# Flip Image Add-On Program



## Zhizara (Mar 18, 2011)

A while back, I posted a question of how to flip an image and someone posted me back with a link to a download that would do the trick.

It was a really great program, but I lost it.  Would someone steer me back to it so I can download it again? 

PLEASE?


----------



## justplainbill (Mar 18, 2011)

Perhaps-?Pivot Software Informer: Latest version download, news and info about this Portrait Displays, Inc. program. Pivot Software 8.24.002 allows you to rotate your computer display.


----------



## Zhizara (Mar 18, 2011)

Thanks, but that's not the one.  It was freeware, but I don't remember the name.


----------



## taxlady (Mar 18, 2011)

Zhizara said:


> Thanks, but that's not the one.  It was freeware, but I don't remember the name.



Was it IrfanView - Official Homepage - one of the most popular viewers worldwide ?


----------



## Zhizara (Mar 18, 2011)

taxlady said:


> Was it IrfanView - Official Homepage - one of the most popular viewers worldwide ?

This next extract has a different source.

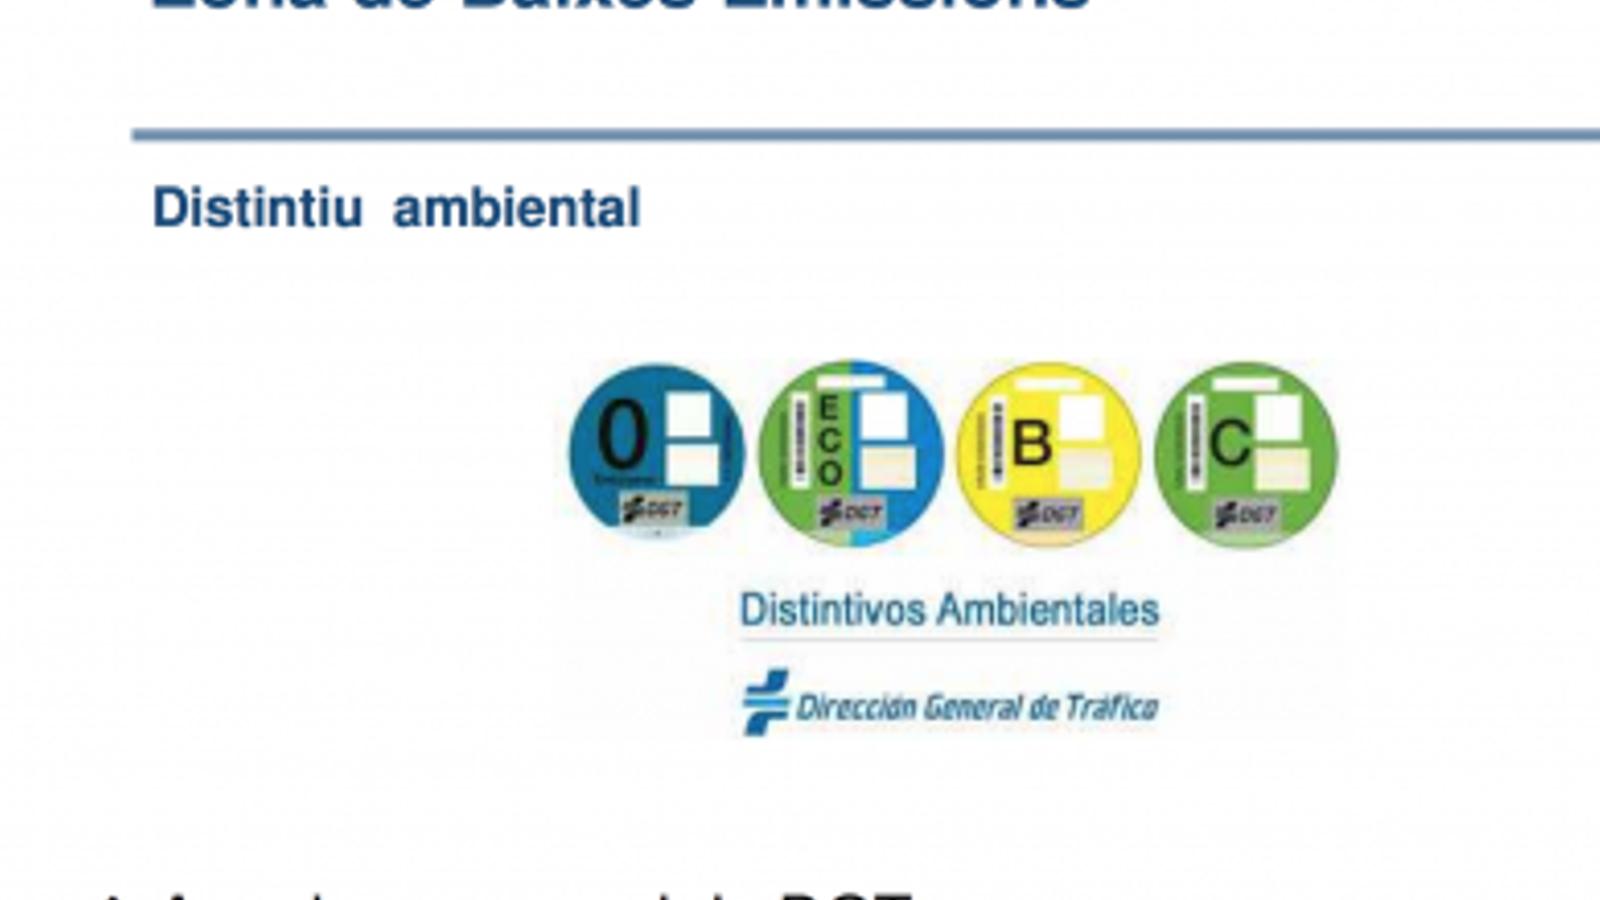 Canvis al calendari de la zona de baixes emissions de Barcelona

That's the one!    {{{{{{{{{{{{{THANKS and a HUG}}}}}}}}

I love this program.  It's so easy to use.


----------



## taxlady (Mar 18, 2011)

Zhizara said:


> That's the one!    {{{{{{{{{{{{{THANKS and a HUG}}}}}}}}
> 
> I love this program.  It's so easy to use.



Don't forget to download the plugins/addons too.


----------



## Zhizara (Mar 18, 2011)

Thank you.  Done.  It so nice to get things back to normal.


----------